RAW DATA
--- START ---
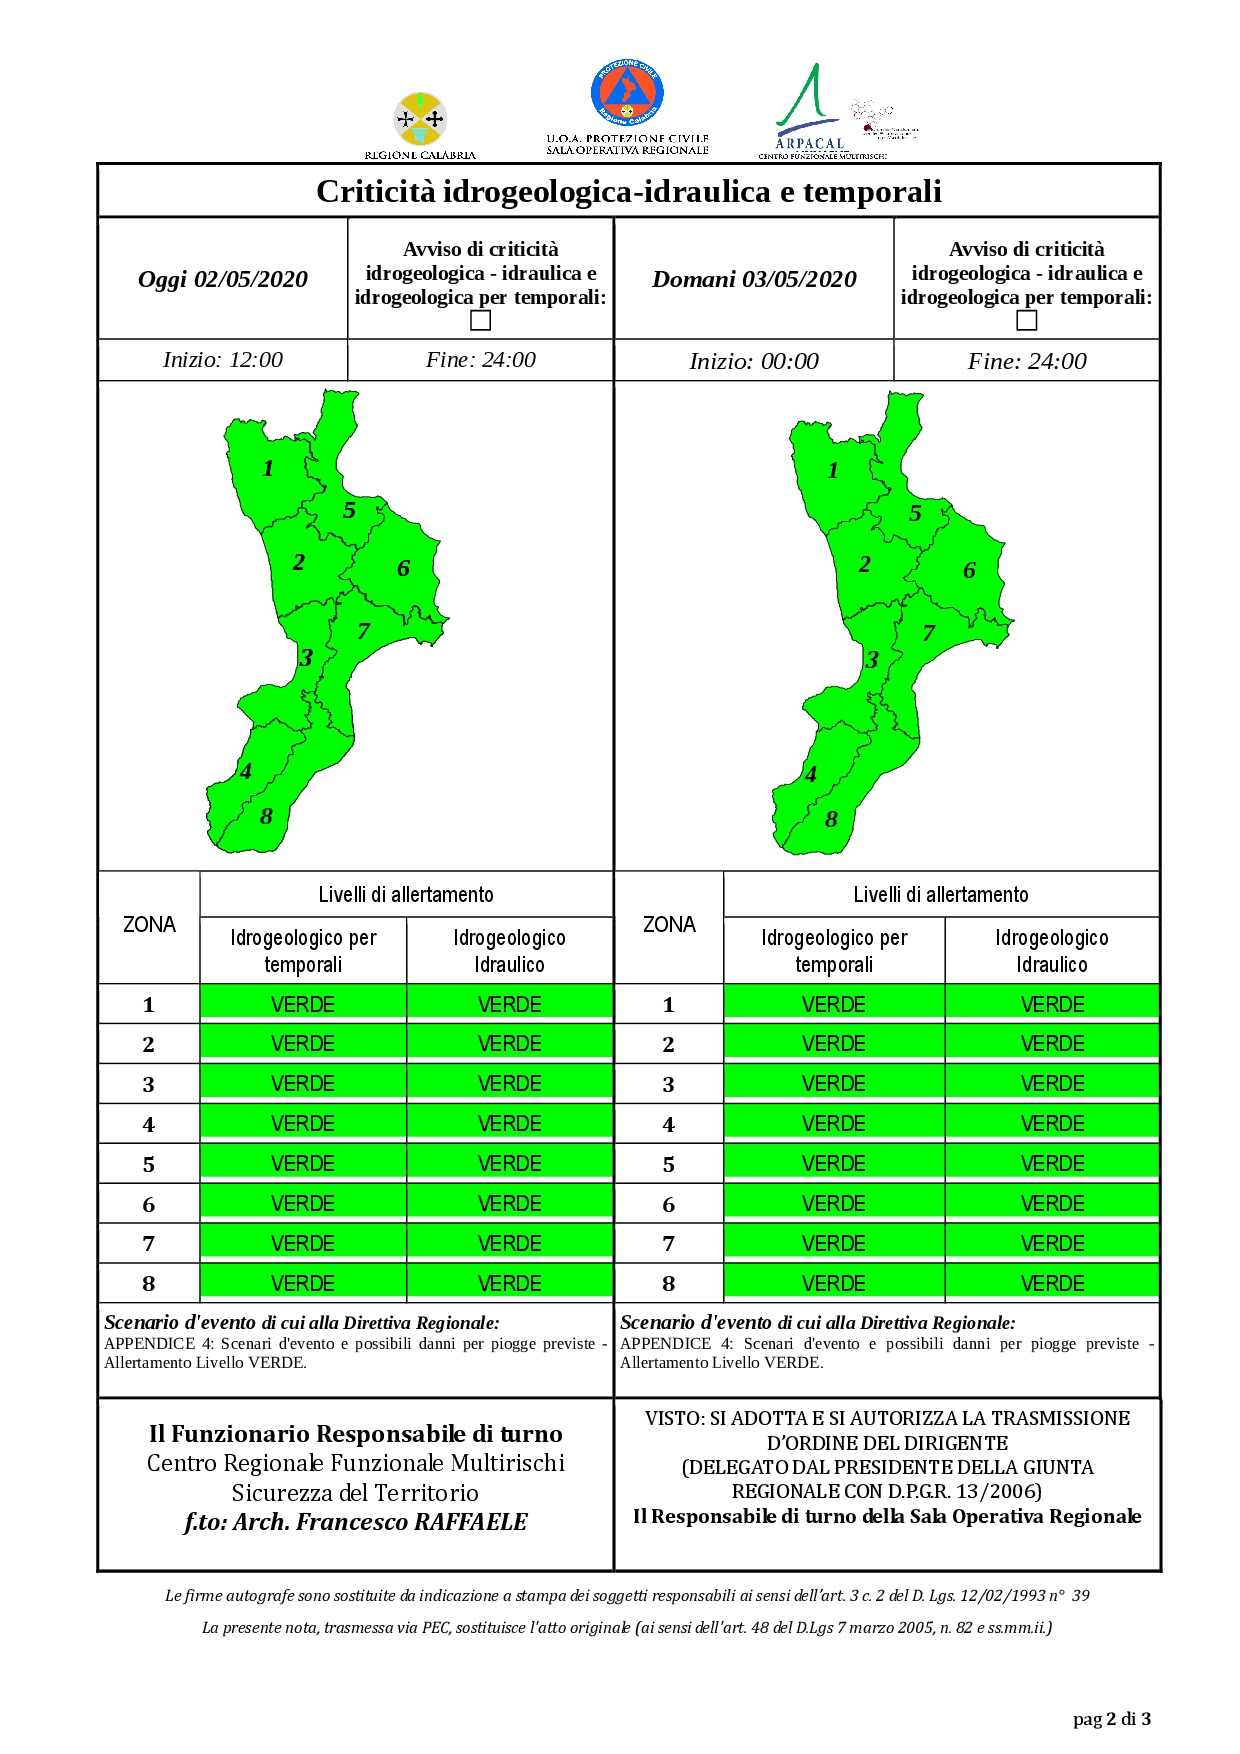 Criticità idrogeologica-idraulica e temporali in Calabria 02-05-2020
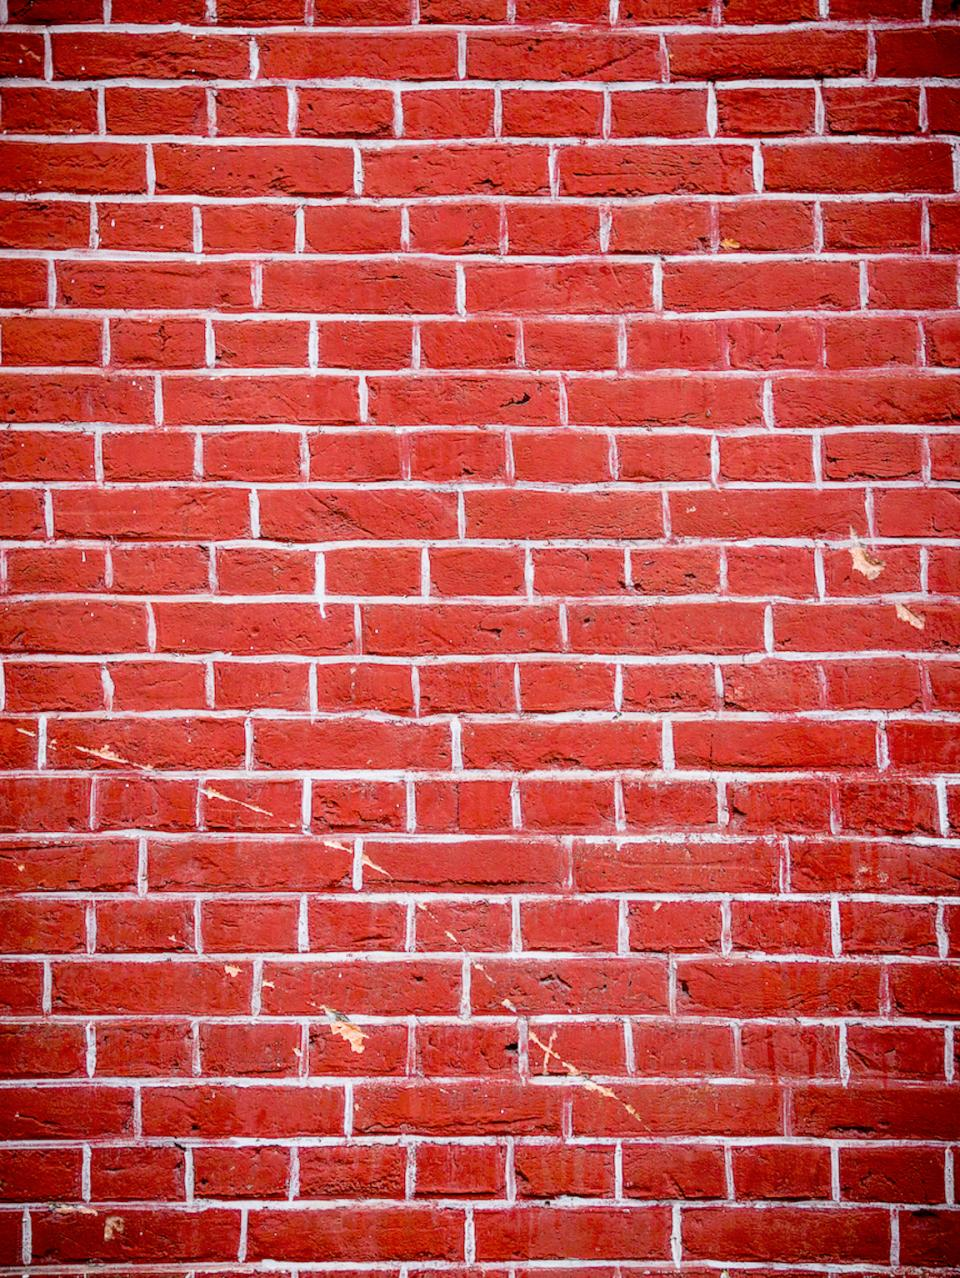 red, wall, bricks, holes, cracks
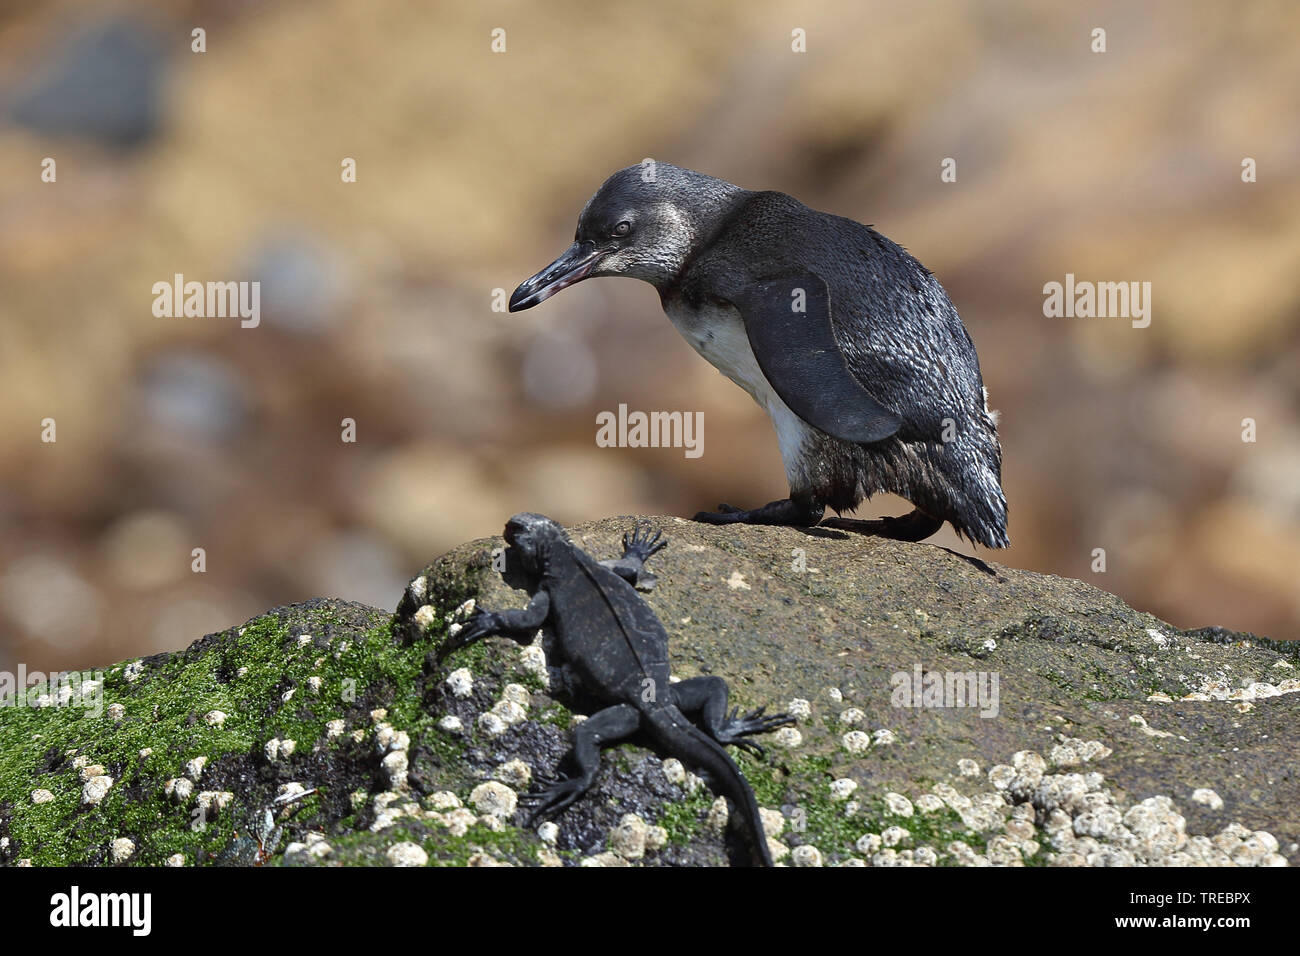 Galapagos penguin (Spheniscus mendiculus), juvenile at the rocky coast with marine iguanas, Ecuador, Galapagos Islands Stock Photo
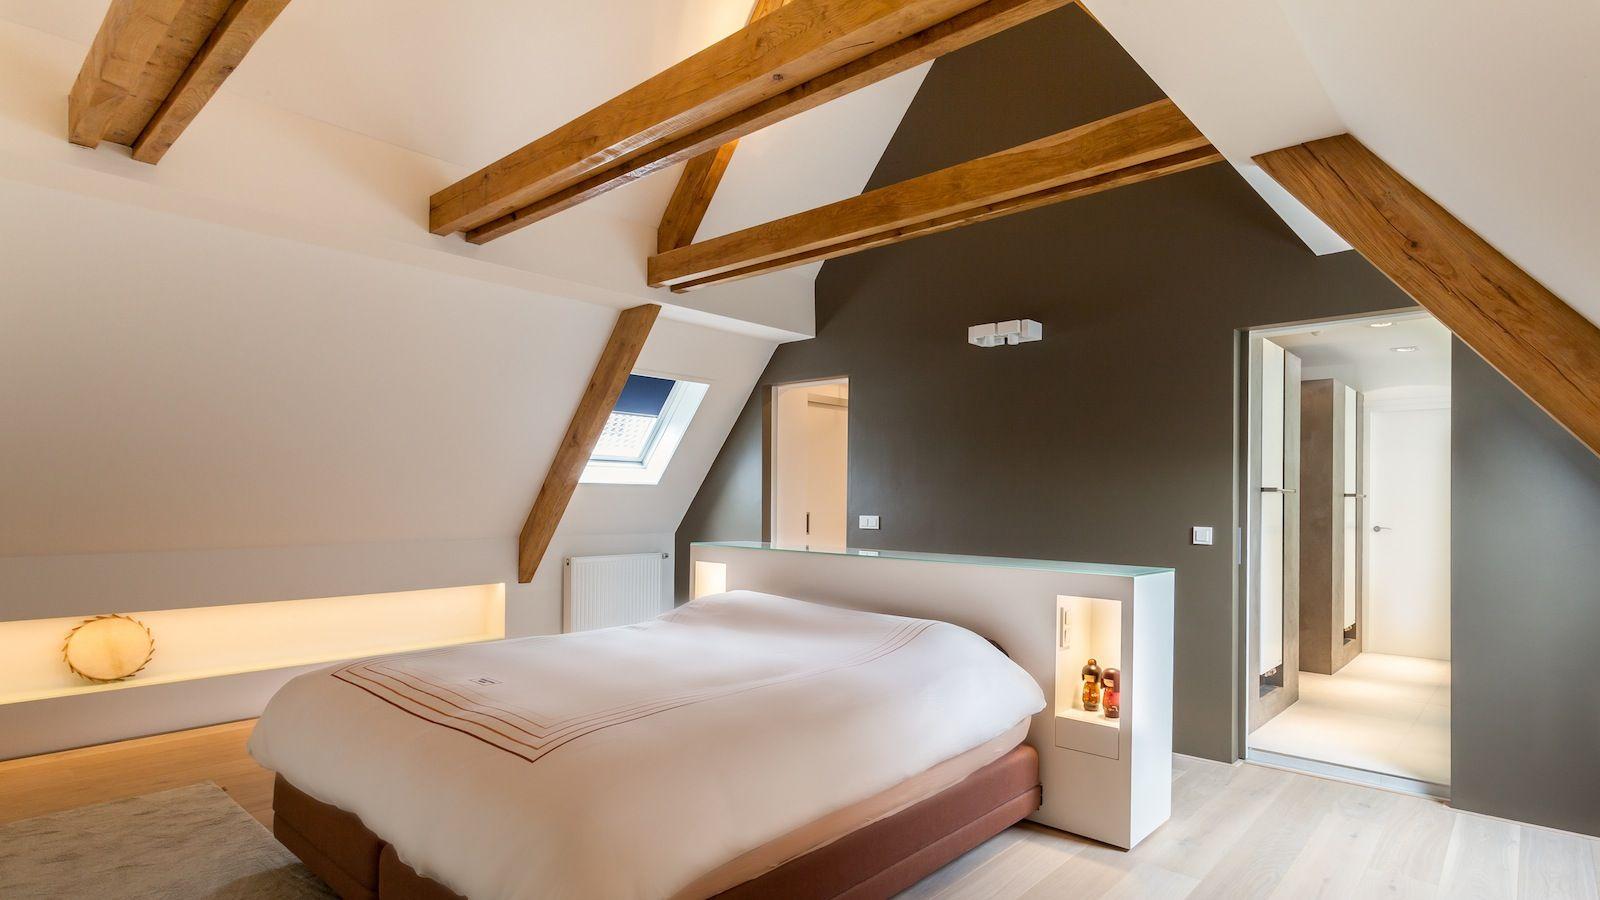 slaapkamer en badkamer ineen | digtotaal, Badkamer
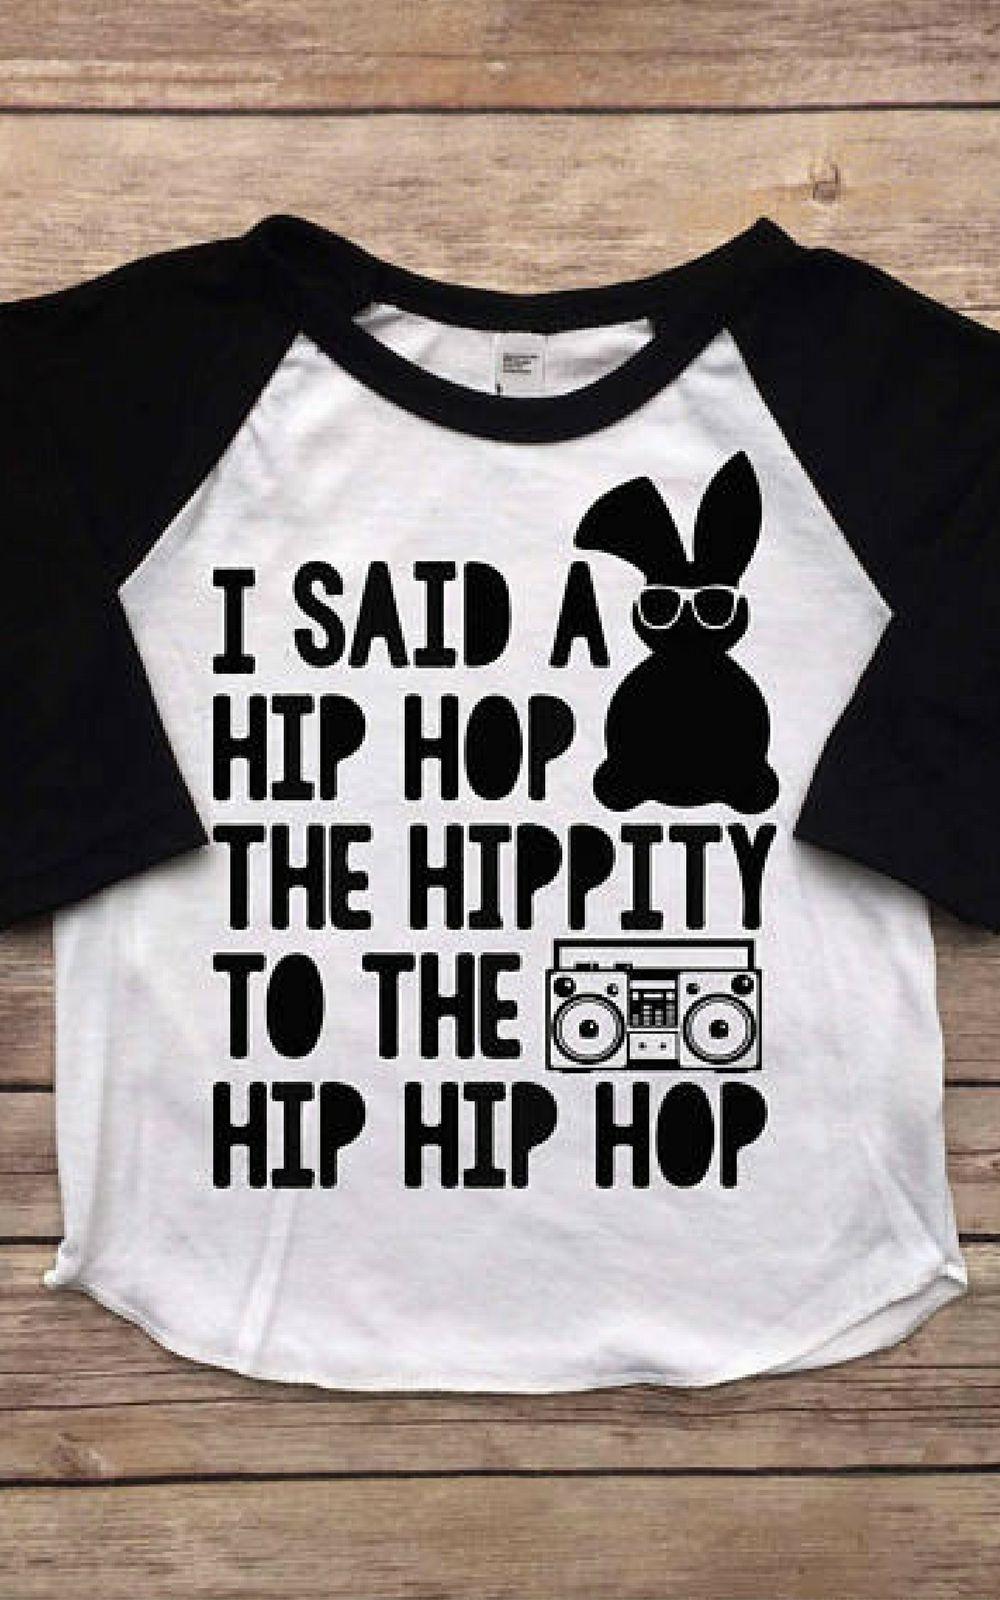 844e2e4c3 Boys Easter Outfit, Boys Easter Shirt, Easter Shirt for Boys, Easter Shirt  for Kids, Easter Shirt Toddler, Funny Easter Shirt, Easter Outfit  #affiliate ...
--- END ---
EXERCISE GOAL
Pictures in the entries are to be skipped, and everything else repeated word for word.

YOUR SOLUTION
 Criticità idrogeologica-idraulica e temporali in Calabria 02-05-2020
 red, wall, bricks, holes, cracks
 Galapagos penguin (Spheniscus mendiculus), juvenile at the rocky coast with marine iguanas, Ecuador, Galapagos Islands Stock Photo
 slaapkamer en badkamer ineen | digtotaal, Badkamer
 844e2e4c3 Boys Easter Outfit, Boys Easter Shirt, Easter Shirt for Boys, Easter Shirt  for Kids, Easter Shirt Toddler, Funny Easter Shirt, Easter Outfit  #affiliate ...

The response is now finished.